SHOW ME THE MONEY!

Routinely couples, whether married or just in a commited relationship, will come to my office to apply for a mortgage and only one of the parties present is aware of the “family” finances. Or, one member of the couple will come in to get the process started because of work or scheduling conflicts of the other individual, only to discover they don’t know enough about their joint finances to go through the application process.

Do you know where the money is? Do you know how it’s invested? Do you know what interest rate you are paying on your credit accounts and/or current mortgage? Where are your important documents kept? Who is your insurance carrier? These are all fairly basic pieces of financial information but, more often than not, only one member of the couple knows the answer. Show me the money! Let’s talk Turkey! However you want to say it, it boils down to one thing, both individuals should know what their financial picture looks like.

For anyone to be able to maintain a good financial and credit history, they first need to understand what they have, what they owe, how much interest they’re paying for it, how it is insured and where the supporting documentation for everything is kept. It is fine for one member of the couple to handle the details of paying the bills, making the deposits, etc. as long as both are aware of the overall situation. Remember, sharing finances with someone means that you get the good with the bad. If one party is great at making sure the the bills are paid on time each month, then both will benefit. However, if the party responsible for paying the bills isn’t timely, both will suffer the credit consequences.
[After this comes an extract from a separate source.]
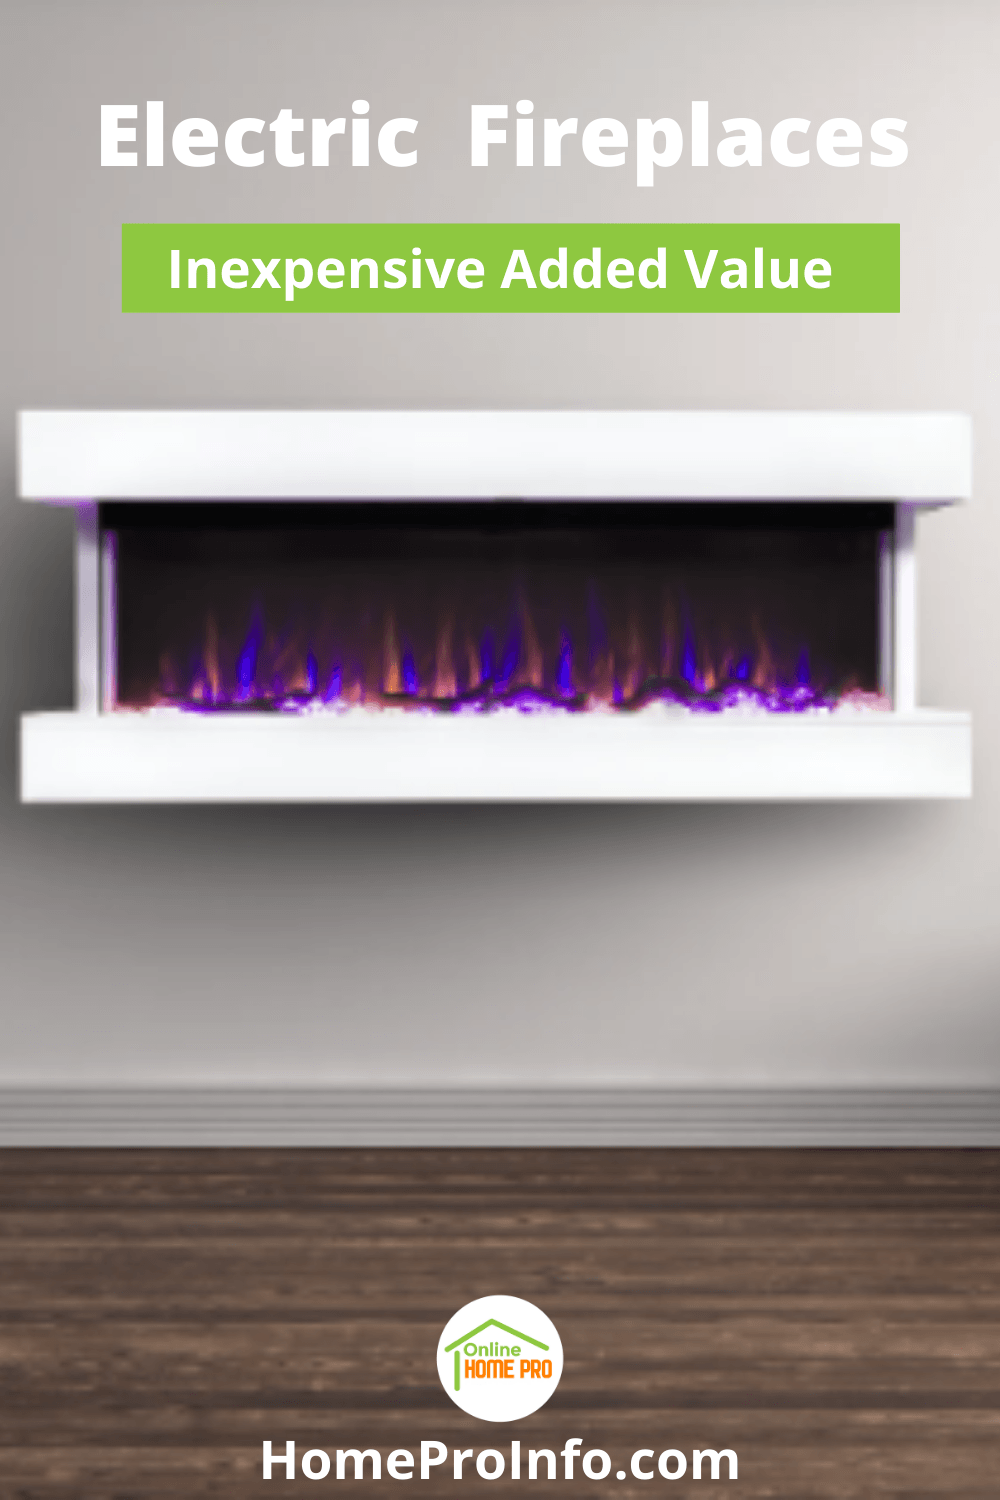 electric fireplaces for inexpensive added value

I hear comments from clients such as “well, he does a better job with that than me” or “she’s just more organized than me” and allowing the person with more organization skills or financial savvy handle the day-to-day responsibilities is fine. But that does not mean that you can abdicate your responsibility in maintaining a good grasp of your financial picture.

As a couple, it is imperative in sharing finances that you have shared goals for your financial future. Most people argue over money because they are not in agreement on what should be done with it, how it should be invested or what it is spent on. If you take the time to sit down together, review your finances regularly and agree on what your finanical goals are and the process you plan to use to achieve them, then the likelihood of arguments over money is greatly reduced. It may mean you have to agree to compromise. One individual believes in the need to save funds in safe, insured accounts, while one individual believes in the need to invest in potentially riskier ventures, you may have to agree to do a little of both. Or you may agree to be more conservative now in order to have the flexibility for more adventurous investing later. It doesn’t matter how you decide to compromise as long as you both understand the ups and downs of the decisions you make.

This is where the help of a good financial advisor and/or CPA can be beneficial. Also, there are numerous good books readily available, at the local bookstore or library, to assist you in understanding and developing your plan. Whatever you want your financial picture to be, it can be realized if you are willing to invest the time, focus and research necessary to make it happen.